Schwitters is best known as the inventor of Merz, a form of dadaism. He was one of the most original artists of this century and, unlike the dadaists, was not concerned with creating artistic anarchy. He wanted to build a new art out of the waste products and throwaways of the old. He became the first great master of collage - using, among other things, torn-up paper, bus tickets, cigarette packets and street debris.
In 1920, he started his first Merzbau, a vast construction which expanded to fill his house, with its caves and tunnels. The Nazis declared Schwitters' work degenerate in 1937 and he fled to Norway, where he built the second Merzbau, (destroyed in 1951 as the first had been in 1943).

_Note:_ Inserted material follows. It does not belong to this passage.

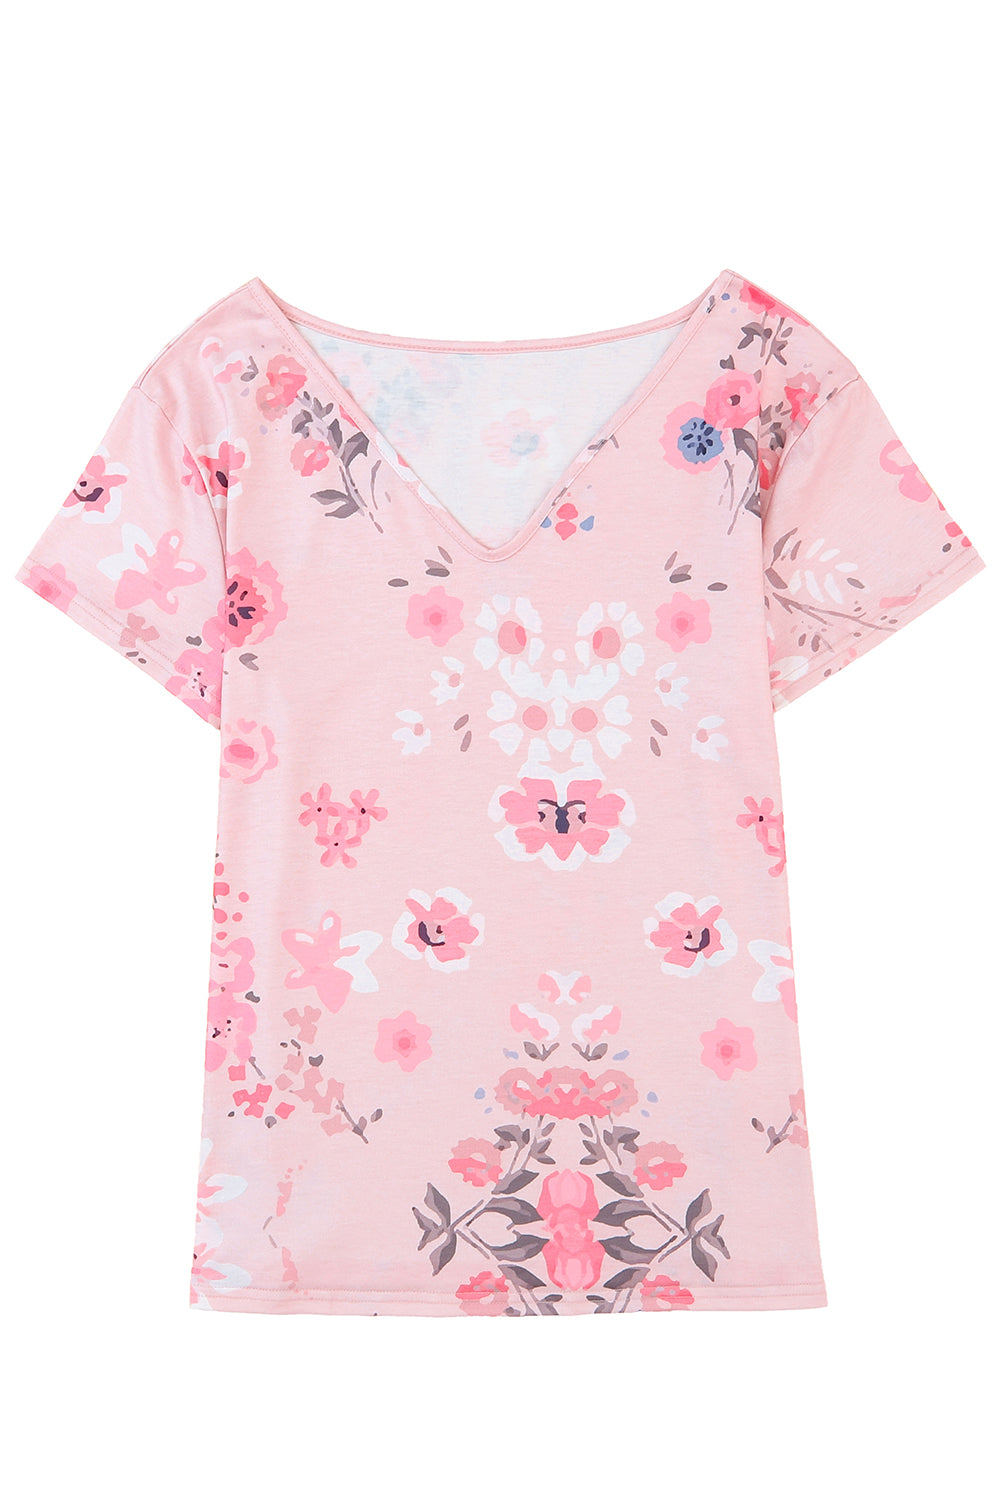 T-shirt rosa con stampa floreale con scollo a V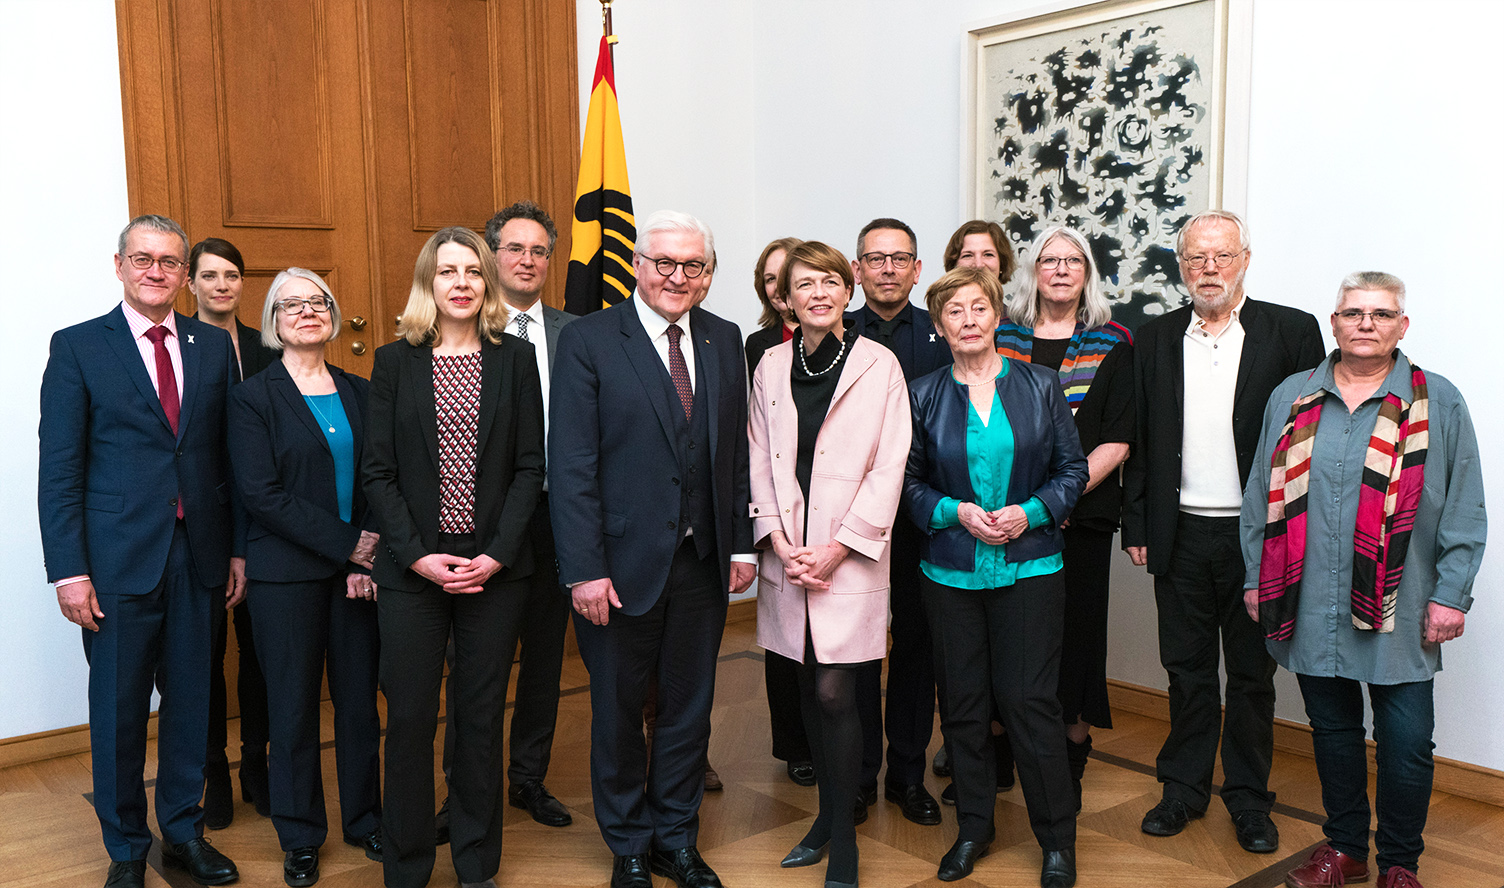 Gruppenfoto mit Bundespräsident Frank-Walter Steinmeier

In 1940, he escaped from Norway to England where he was interned for a period on the Isle of Man, and after a period in London, he lived in Ambleside from 1945. The Abbot Hall Art Gallery in Kendal has three Schwitters abstracts, including 'YMCA Flag, Ambleside'; there are also three other works of his which are conventional portraits and still-lives. The people of Ambleside found his abstract art more or less incomprehensible and these conventional pieces were a concession to local taste. It is extraordinary to think that this most original avant-garde artist was prepared to join the local art society as a gesture of good will to Ambleside. His great work of these last eight years was the Elterwater Merz, a large three-dimensional assemblage which was built in a barn. The whole wall was moved to the University of Newcastle upon Tyne in 1965, where it can be seen in the Hatton Gallery. Richard Hamilton, who taught for many years at Newcastle University after the war, supervised the move. Schwitters (who was naturalised the day before he died) has been called the greatest influence on modern British art and Andrew Graham-Dixon has described the Merzbau as 'the most important work of modern British art'. Richard Hamilton himself was immensely influential in the origin and development of 'Pop Art' in the 1950s and 1960s.